Database Anti-patterns: Performance Killers
Databases are everywhere. They're in your computer, smartphone, WiFi enabled devices, and power all the web-driven technologies you use 24/7. Relational databases have the ability to provide incredible power, performance, reliance, and reporting. They also have the power to inflict severe pain, frustration, confusion and sleepless nights. You can expect the latter when a database is designed incorrectly.
This post attempts to summarize the most common, and most problematic relational database anti-patterns I have seen. These problems are not a technology problem; they are a training and experience problems. Some of these are mistakes I have made myself. Others I inherited in the form of a pre-existing system, and others still I was hired explicitly to fix.
Education is a Challenge
Relational database design, like cybersecurity, spans a wide range of very in-depth topics full of nuances and experience-driven decisions. In other words, there is a lot to learn and it isn't easy to teach. Another aspect of the problem is that database design isn't being taught very well, if at all, in typical database related coursework. Database courses focus on dry definitions of the various levels of normalization, yet spend zero effort teaching best practices for the design process or the decisions that go into determining the appropriate level of normalization.
Lots of theory, little application
Typical course work provides simple examples of creating tables, inserting and selecting data, and deleting tables. There is typically zero time spent discussing the realities of maintaining a production database with actual business requirements, up-time guarantees and the proper handling of sensitive data. Most notably, there is no discussion of the ethics of being the steward and gatekeeper for an organizations most important asset: it's data.
That last point is especially important for data professionals with the GDPR implementation almost here (May 2018).
Normalization and DML syntax is important to learn and understand, but it is such a tiny component of overall database design.

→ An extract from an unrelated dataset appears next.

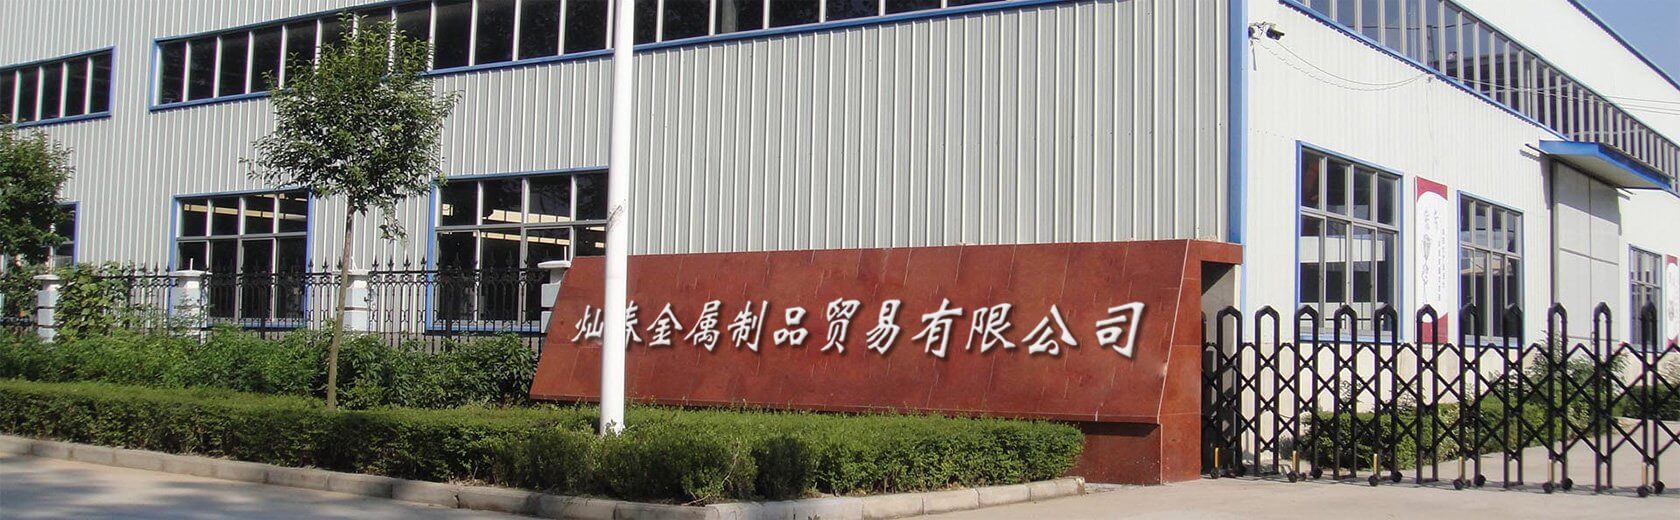 Shijiazhuang CanChun Metal Products Trade Co., Ltd

Side note: Database design process
Do yourself a favor and start on a whiteboard or paper. Seriously, don't write a single line of code, or even create the empty database, until you have invested some time sketching out tables, relationships, table names, basic columns, etc. Until then, you aren't ready to build a database. Even in Agile this should be considered part of "just enough design."
Most common anti-patterns
Below are the five (5) most common and problematic database anti-patterns I have dealt with in the past 10+ years. If you can learn to avoid these problems you're doing yourself and the world a favor.
Anti-Pattern One: Tables without PRIMARY KEY
I wish I was kidding when I say this, but once upon a time I found a database that had more than 200 tables without primary keys. None. Isn't the first thing taught in an Introductory SQL course that primary keys are a good thing?! If you read about relational databases on Wikipedia, the 4th sentance says (emphasis mine):
"This model organizes data into one or more tables (or "relations") of columns and rows, with a unique key identifying each row."

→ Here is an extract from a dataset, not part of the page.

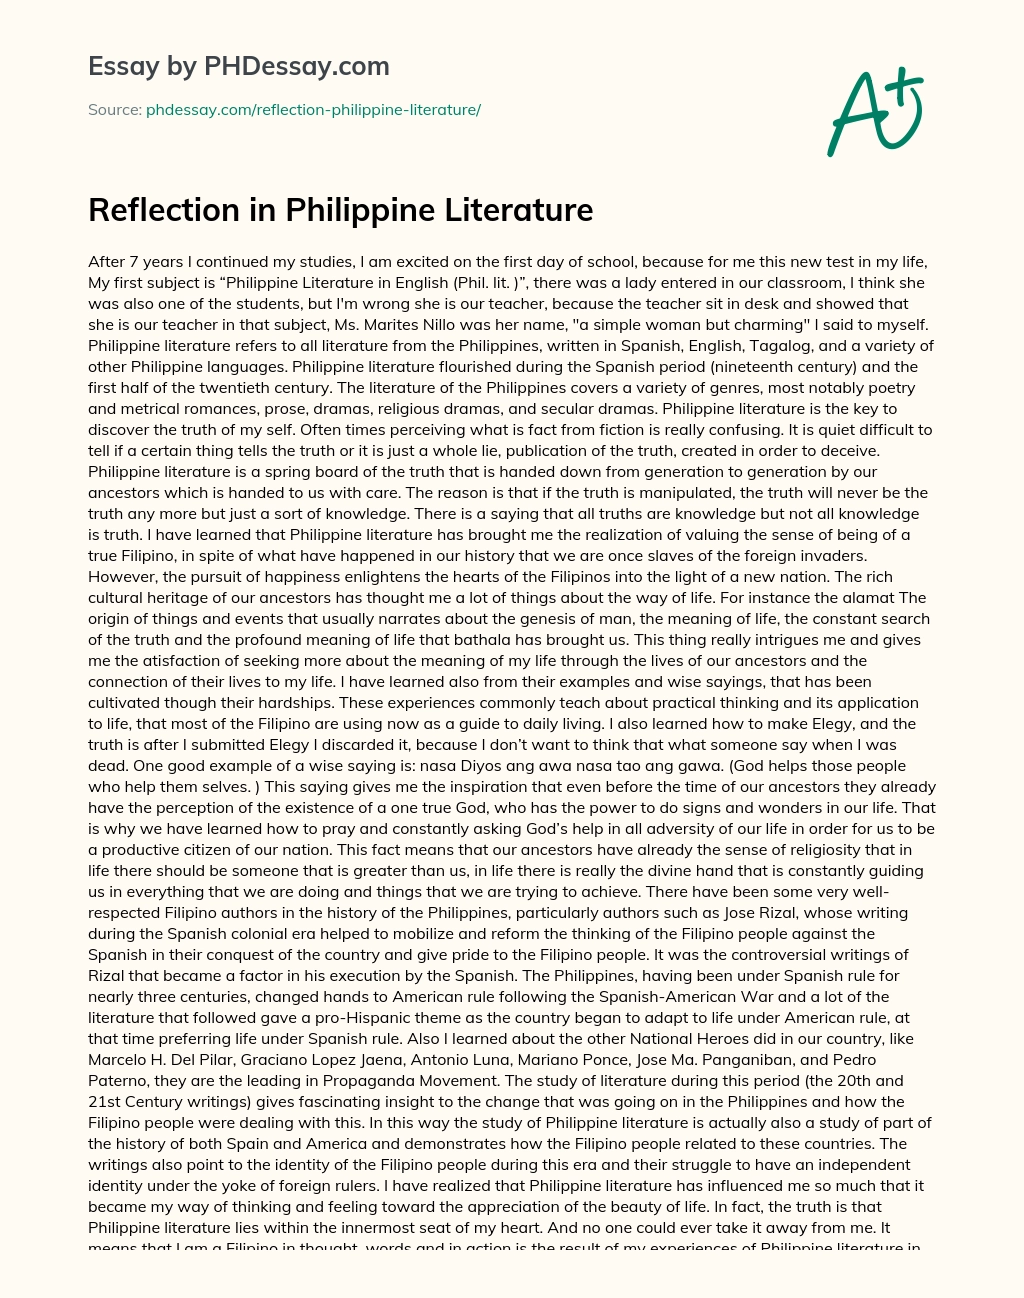 Reflection in Philippine Literature essay

Ok, the casual reader may not understand that "a unique key identifying each row" is hinting at a primary key, but that's OK because only a handful of sentences later under the header "Keys" it says:
"Each row in a table has its own unique key."
... and ...
"Therefore, most physical implementations have a unique primary key (PK) for each table."
Got it. Tables should always have a unique primary key. Please make sure your tables have appropriate primary keys.
The problem of missing primary keys is almost always much bigger than just the PKs themselves. If there are no primary keys it's safe to assume that there are no foreign keys, unique constraints, or other helpful database constructs that help enforce data integrity and improve performance.
Anti-Pattern Two: CHAR(N) instead of VARCHAR(N)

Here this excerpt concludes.